Garzweiler II is one of 425 projects listed as "climate bombs" by Energy Policy magazine.

This list identifies the fossil activities that could emit more than 1 billion tons of CO2 during their entire operating life.

With the energy crisis, the RWE company has accelerated the extraction and combustion of this obscure rock which is hidden in the depths of the Rhine mining basin: "With the current crisis, we are contributing to Germany's security of supply by temporarily increasing the activity of our lignite-fired power plants", confirms the company.
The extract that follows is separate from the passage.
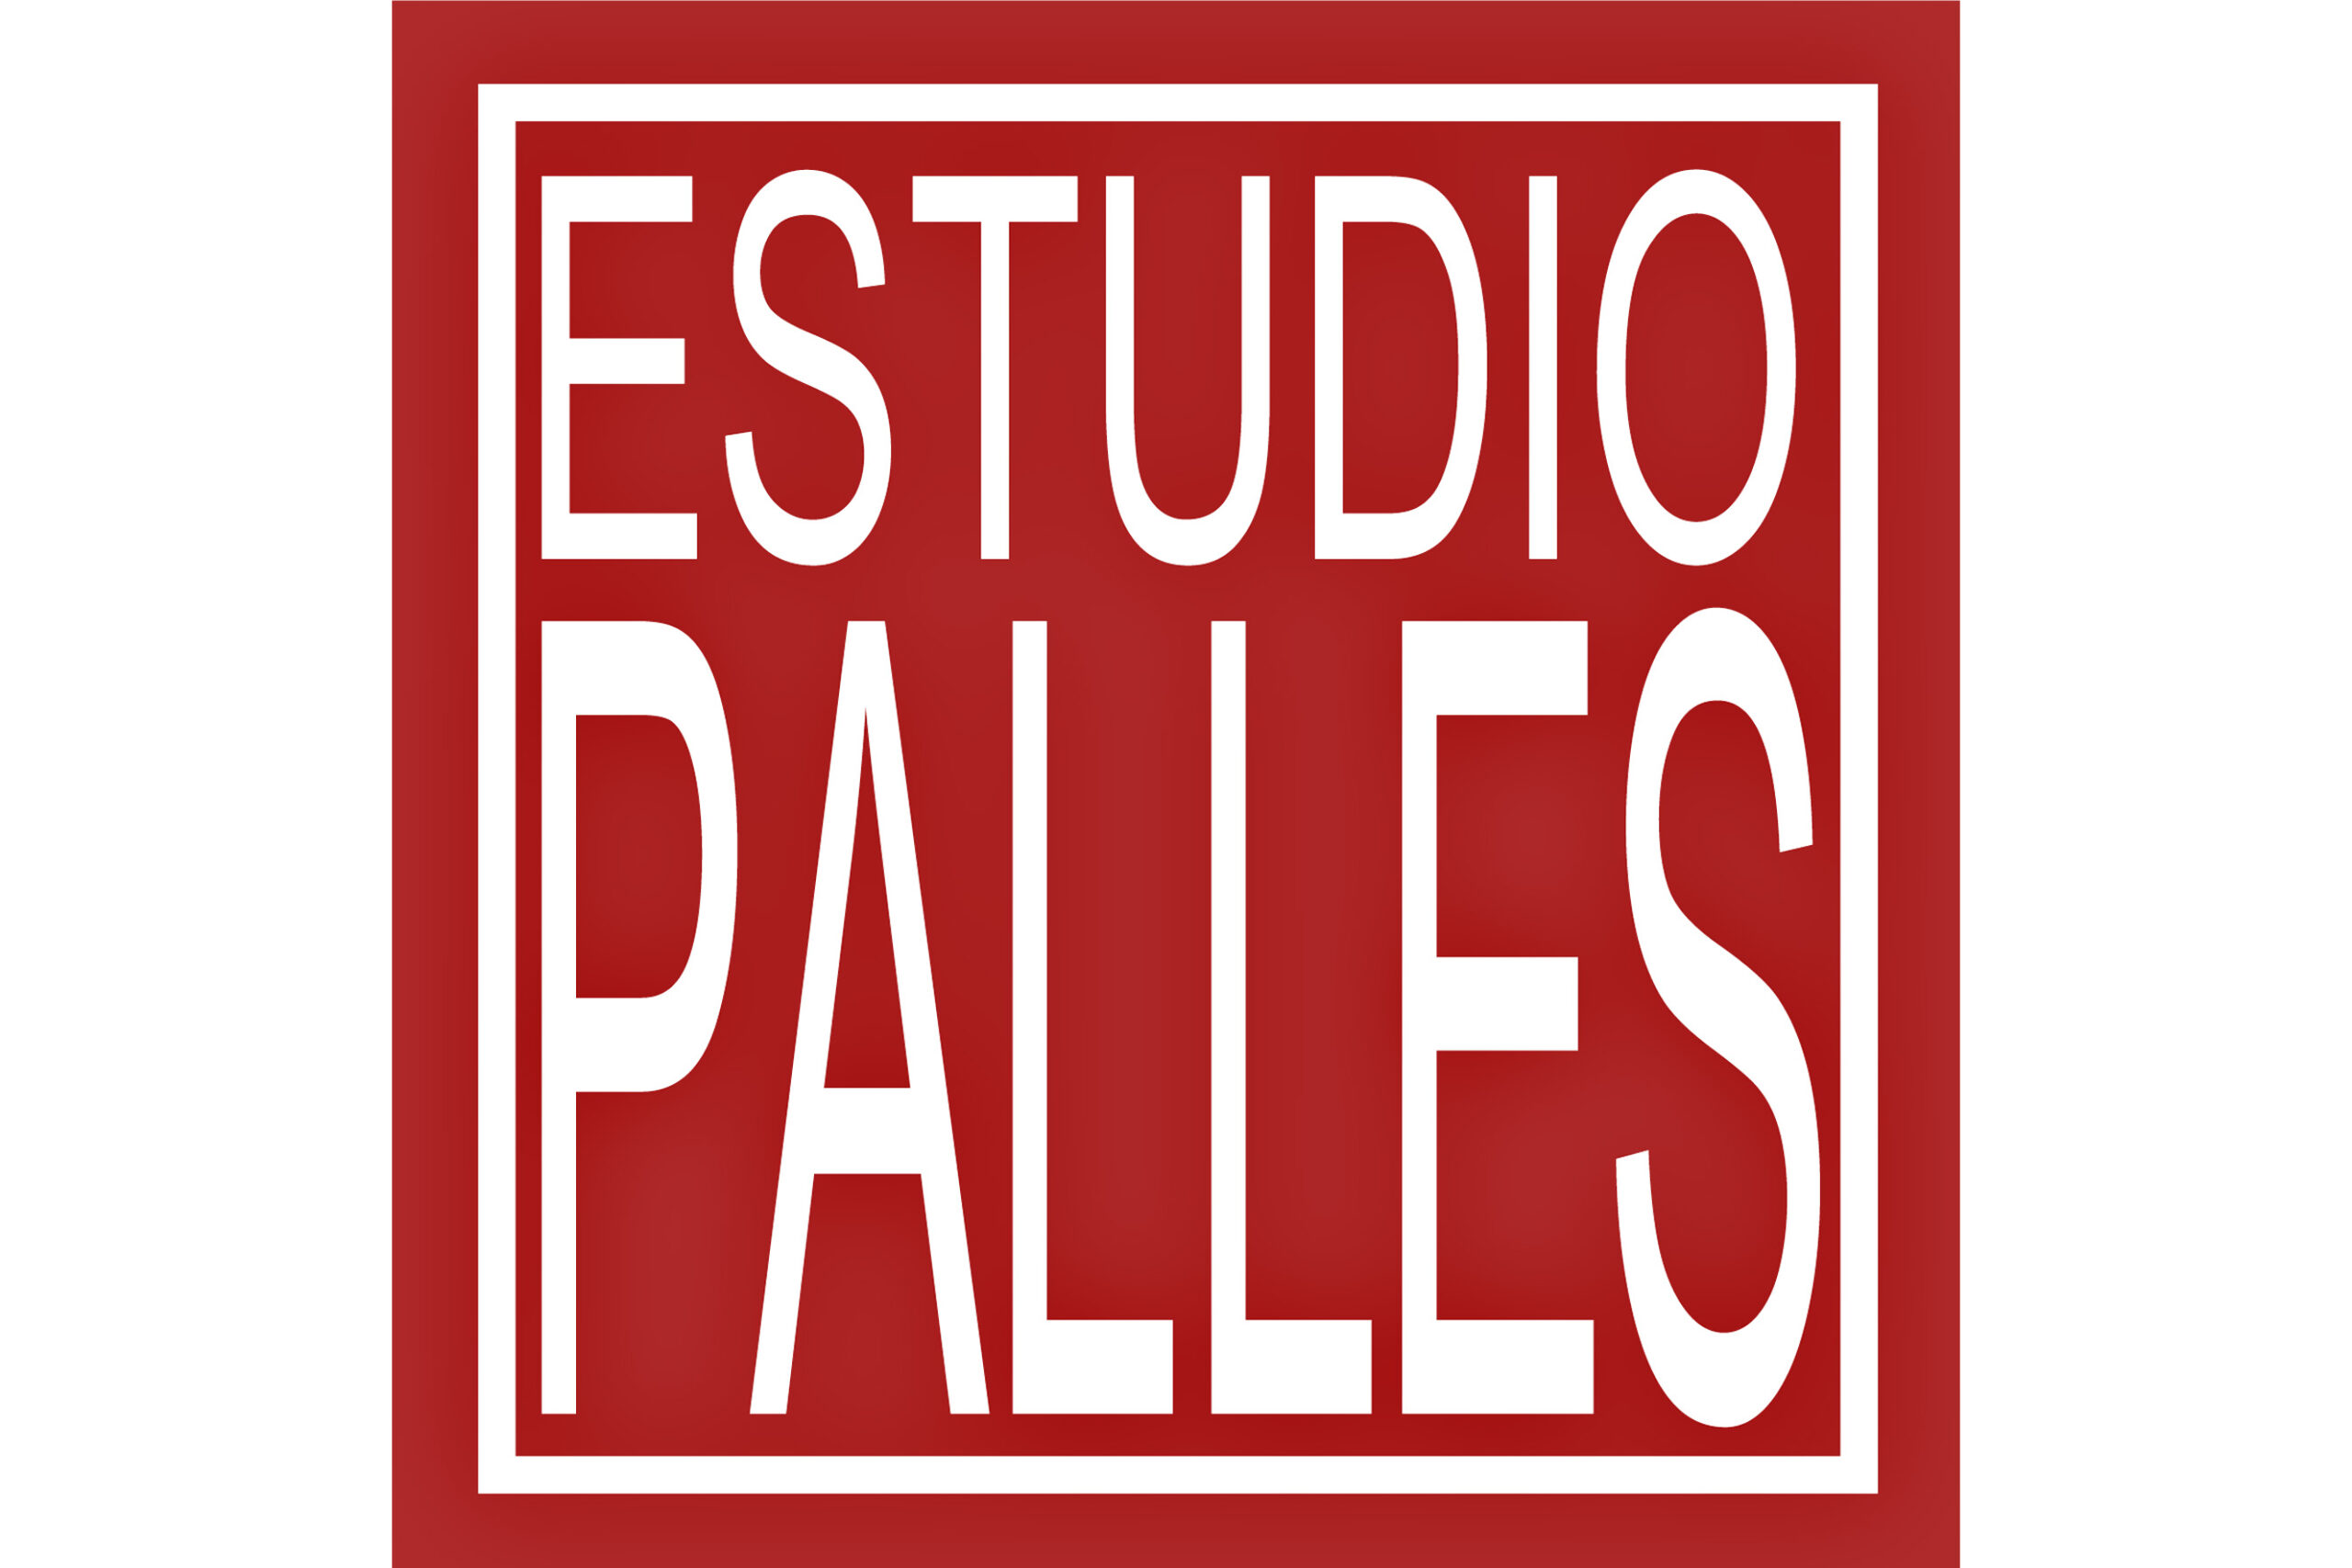 ESTUDIO PALLES

A tenfold increase in activity which swallows up hectares of landscape week after week and threatens the small village of Lützerath in the very short term.

“Here is an example of how humans shape the world in a bad way,” laments Ronny, one of the activists who has occupied the place for nearly two years.

Faced with the climate emergency, a hundred climate activists have decided to set up a ZAD a few meters from the mine.

For them, if Lützerath is swallowed up, the objective of staying below the 1.5 degree mark by the end of the century would simply be impossible.